Der BFH hatte sich mit der Frage auseinander zu setzen, ob der Verlust aus einem in der Krise stehen gelassenen Gesellschafterdarlehen nach § 17 Abs. 2a Satz 3 Nr. 2 EStG mit dem Nennwert oder Teilwert zu nachträglichen Anschaffungskosten des Gesellschafters an seiner Beteiligung führt. Mit Urteil vom 18.07.2023 (Az. IX R 21/21) entschied er, dass ein solches Gesellschafterdarlehen nur in Höhe des Teilwerts bei Eintritt der Krise zu nachträglichen Anschaffungskosten führt. Im Streitfall betrug dieser Wert 0 Euro.
Nach der bis 2006 geltenden Rechtsprechung des BFH konnten als nachträgliche Anschaffungskosten u. a. vor der Krise durch einen Gesellschafter gewährte und in der Krise stehen gelassene Darlehen mit ihrem im Zeitpunkt des Eintritts der Krise beizulegenden Wert berücksichtigt werden. Der bis dahin eingetretene Wertverlust entfiel auf die steuerlich unbeachtliche private Vermögenssphäre.
Mit dem MoMiG entfiel 2009 zunächst die gesetzliche Grundlage für diese bisherige Rechtsprechung. Für Veräußerungen nach dem 31.07.2019 wurde mit § 17 Abs. 2a EStG eine gesetzliche Grundlage für die im Rahmen der Einkünfteermittlung des § 17 EStG zu berücksichtigenden Anschaffungskosten geschaffen.
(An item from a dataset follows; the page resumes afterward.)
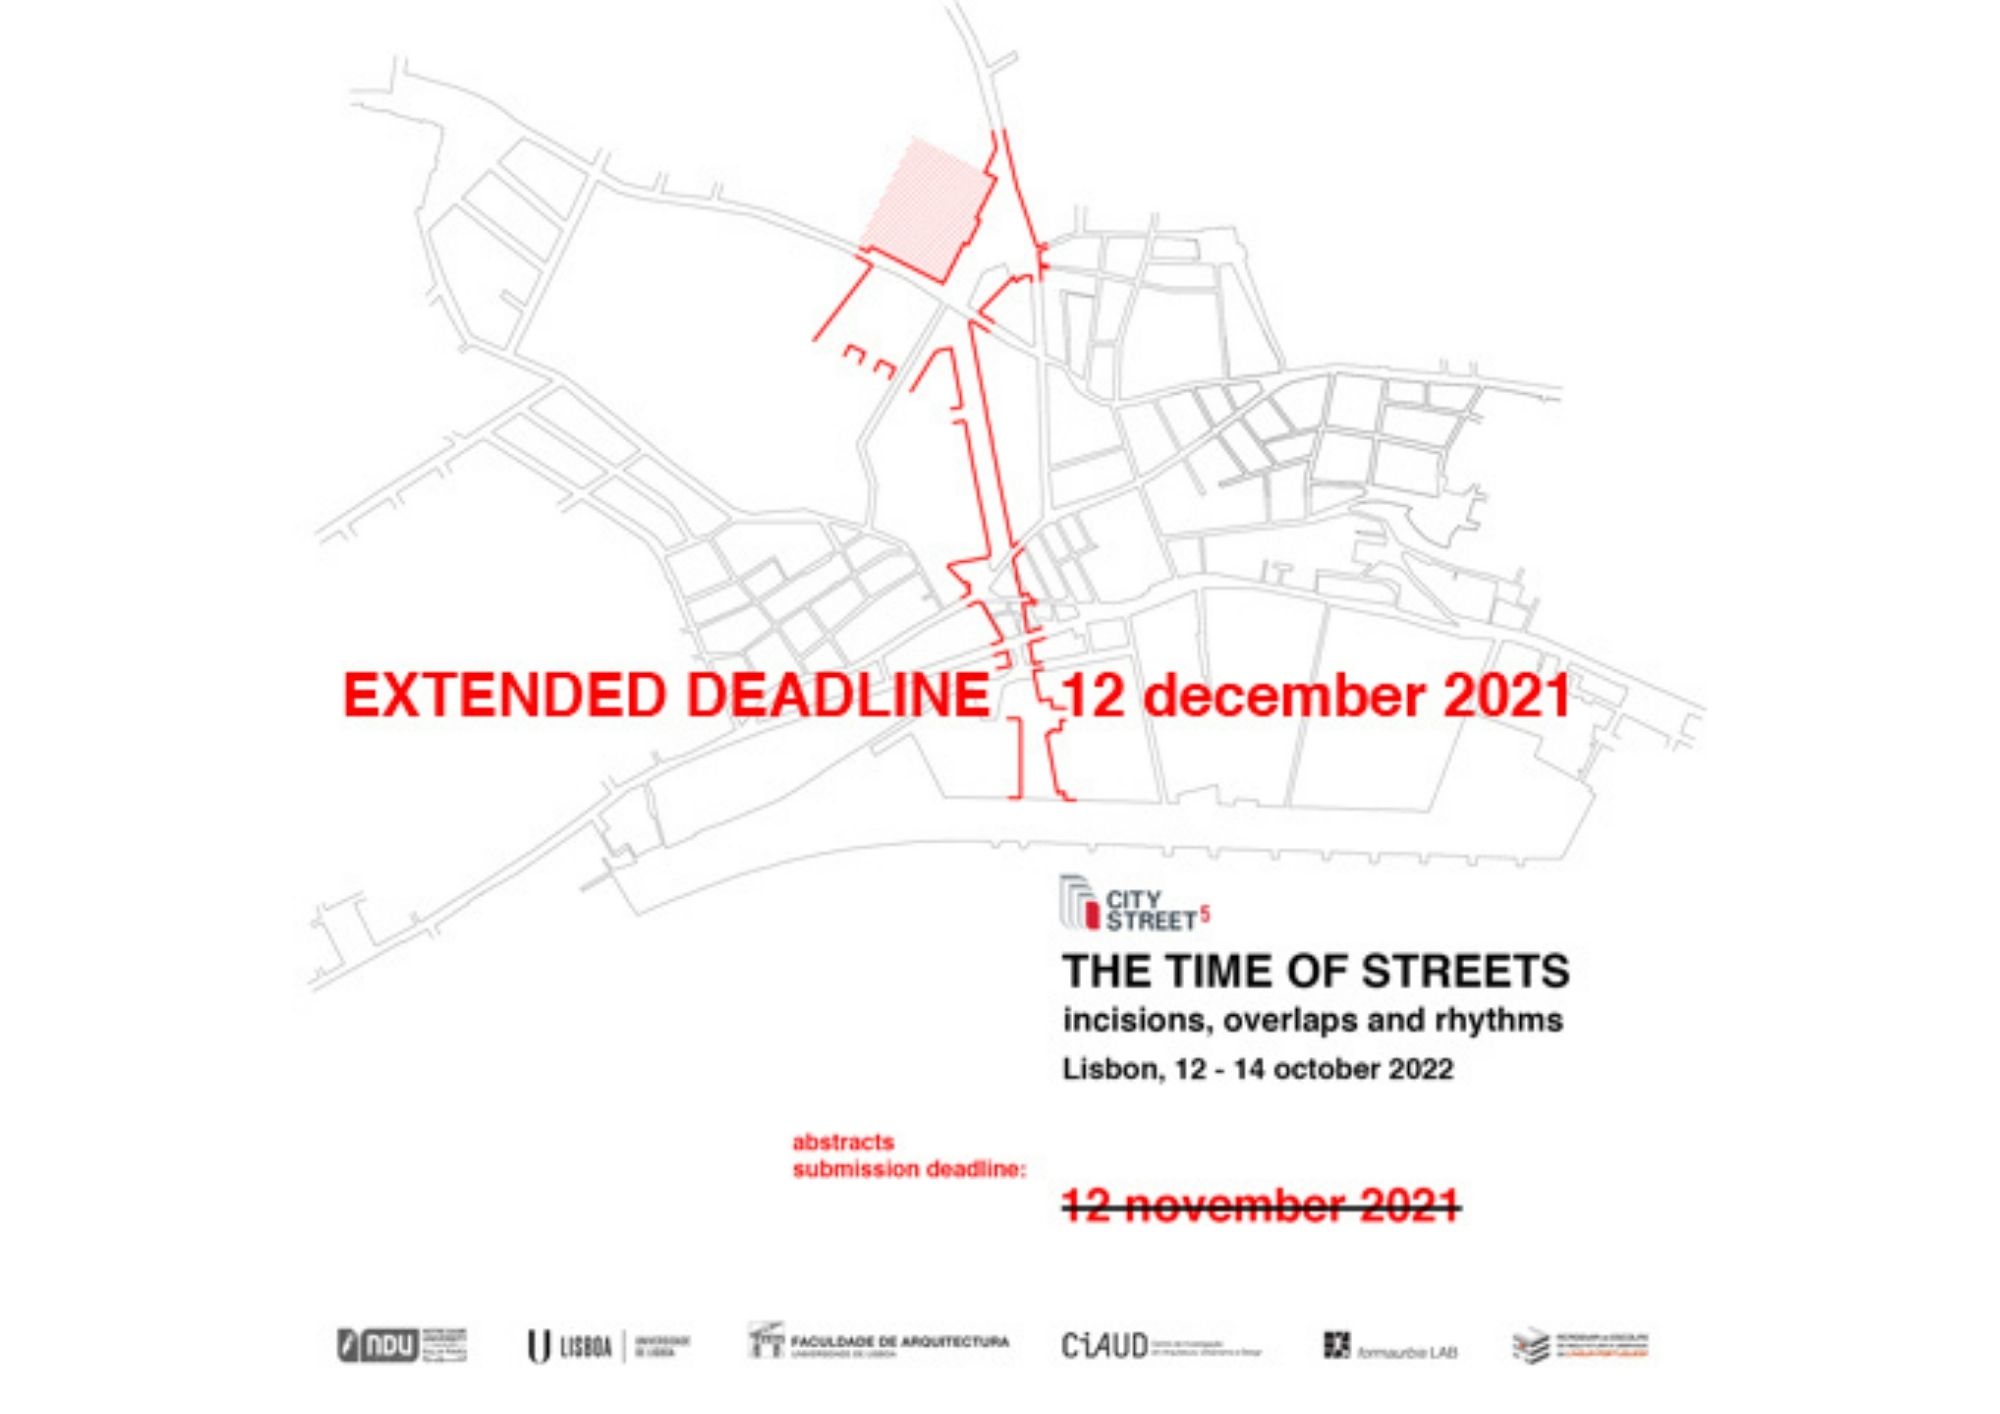 City Street 5, Nova data de submissão de abstract, até 12 de dezembro

Zu den nachträglichen Anschaffungskosten gehören demnach u. a. Darlehensverluste, soweit die Gewährung des Darlehens oder dessen Stehenlassen gesellschaftsrechtlich veranlasst war.
Dabei gelten - so der BFH - die vorgenannten, von der Rechtsprechung entwickelten Grundsätze fort. § 17 Abs. 2a EStG enthalte keine Regelung zur Bewertung der nachträglichen Anschaffungskosten. Vielmehr mache die Formulierung „soweit“ in § 17 Abs. 2a Satz 3 Nr. 2 EStG deutlich, dass Darlehensverluste nur in dem Umfang der gesellschaftsrechtlichen Veranlassung berücksichtigt werden. Zudem werde durch die Einfügung des § 17 Abs. 2a EStG deutlich, dass der Gesetzgeber an der bisherigen Rechtsprechung zur Berücksichtigung von in der Krise stehen gelassenen Gesellschafterdarlehen festhalten und deren Aufgabe infolge des MoMiG rückgängig machen wollte.
Für die Berücksichtigung eines Darlehensverlusts als nachträgliche Anschaffungskosten sei ein Veranlassungszusammenhang zwischen der Beteiligung und den Aufwendungen gemäß § 17 Abs. 2a Satz 3 Nr. 2 und Abs. 2a Satz 4 EStG erforderlich. Zwar fehle es bei Kriseneintritt zunächst an einer gesellschaftsrechtlichen Veranlassung. Diese trete aber ein, wenn ein fremder Dritter das Darlehen dann zurückgefordert hätte. Daher liege auch nur in Höhe des Teilwerts des Darlehens zu diesem Zeitpunkt die für die steuermindernde Berücksichtigung erforderliche gesellschaftsrechtliche Veranlassung vor.
Hinweis: Zudem schied eine Berücksichtigung des Darlehensausfalls nach § 20 Abs. 2 Satz 1 Nr. 7, Abs. 2 Satz 2 EStG laut BFH im Streitfall aus, da der Darlehensverlust vor dem 31.12.2008 eingetreten war.